Significant uncertainty also remains among businesses around the timing of when the current transitional arrangements with the EU will come to an end. The transition period is due to finish at the end of December, with the negotiation of a new trade arrangement between the UK and the EU still ongoing. The average probability of the transitional arrangements ending in 2020 with a new trade deal agreed was estimated at 25% in the August survey (Chart 5). There was thought to be a 33% chance of transition ending this year without a new deal agreed. And a 42% chance of the transitional arrangements being extended until at least 2021, lower than the 54% probability attached to this outcome on average in the May survey.

Chart 5 There is uncertainty about when transitional arrangements with the EU will come to an end (a)

Footnotes

(a) The results are based on the question ‘What do you think is the percentage likelihood (probability) of the transition period for UK leaving the EU ending in each of the following years?’.

The August DMP survey asked businesses whether they were prepared for the potential extra requirements for trading with the EU once the current transition period comes to an end. 10% of business that trade with the EU reported that they were fully prepared, 51% ‘as ready as they can be’, 36% said that they were partially prepared and 4% not at all prepared (Chart 6). Compared to when this question was last asked in March, slightly more businesses reported that they were fully prepared and slightly fewer were not at all prepared. 22% of businesses reported that they have no trade with the EU.

Chart 6 Around 60% of businesses that trade with the EU say that they are fully prepared or as ready as they can be for Brexit (a)

Footnotes

(a) The results are based on the question ‘Do you think your business is prepared for the potential extra requirements for trading with the EU once the current transition period comes to an end?’.

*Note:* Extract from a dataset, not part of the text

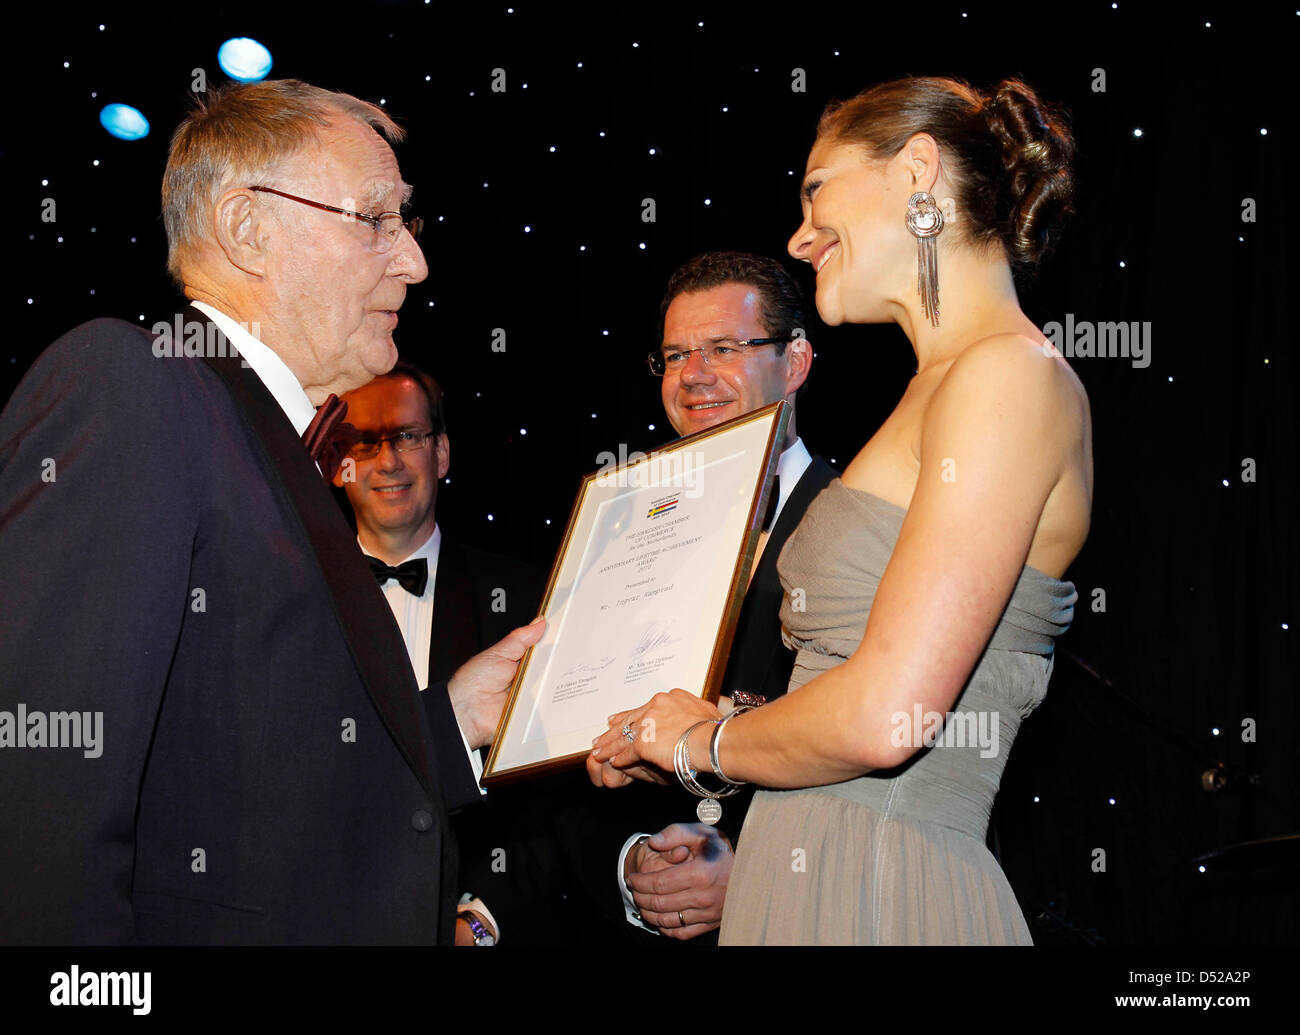 Crown Princess Victoria of Sweden (R) hands over The Swedish Chamber of Commerce Lifetime Achievement Award to 77-year-old founder of IKEA, Ingvar Kamprad (L) during the gala dinner on the 50th anniversary of the Swedish Chamber of Commerce in Noordwijk, the Netherlands, 28 October 2010. Photo: Reni van Maren/Pool ( NETHERLANDS OUT) Stock Photo
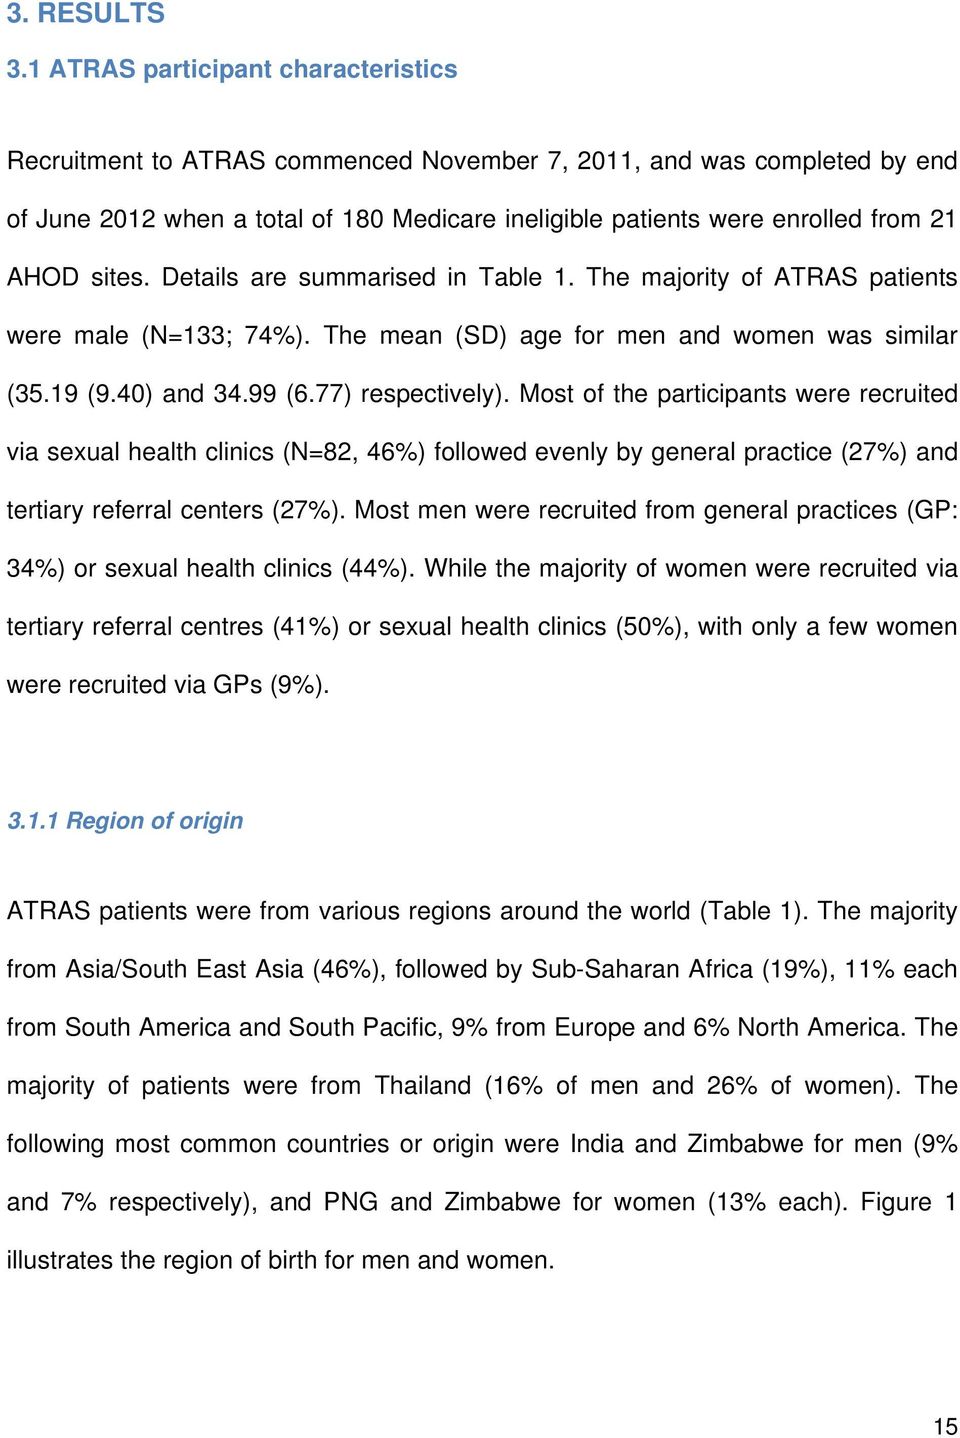 sites. Details are summarised in Table 1. The majority of ATRAS patients were male (N=133; 74%). The mean (SD) age for men and women was similar (35.19 (9.40) and 34.99 (6.77) respectively).

In terms of the expected longer-term impact of Brexit, the average probability of Brexit having little or no impact on sales was estimated at about 55% on average between June and August (Chart 7). The average likelihood of Brexit having a negative impact on firms’ revenues was estimated at about 35% with around a 10% chance that Brexit would lead to higher sales. These probabilities have been broadly stable during 2020.

Chart 7 On average, businesses expected Brexit to be more likely to lower sales than to increase them (a)

Footnotes

(a) The results are based on the question ‘How do you expect the eventual Brexit agreement to affect your sales once the UK has left the EU, compared to what would have been the case had the UK remained a member of the EU?’. Data are averages responses from June to August DMP surveys.

Methodology

The DMP consists of the Chief Financial Officers of small, medium and large UK businesses operating in a broad range of industries.

We survey panel members to monitor developments in the UK economy and to track businesses’ views on them. This work complements the intelligence gathered by our Agents.

This note is a summary of surveys conducted with DMP members up to August 2020. The August survey was in the field between 7 and 21 August. In August, there were around 8,000 panel members and we got around 2,800 responses.

Further monthly data from the August survey for a limited number of DMP series was be published on 3 September 2020. Aggregate level data for all survey questions are published on a quarterly basis. Data from the May to July surveys were released on 6 August.

The panel was set up in August 2016 by the Bank of England and with academics from Stanford University and the University of Nottingham. It was designed to be representative of the population of UK businesses. All results are weighted using employment data. See Bloom et al (2017) for more details.

The DMP receives funding from the Economic and Social Research Council.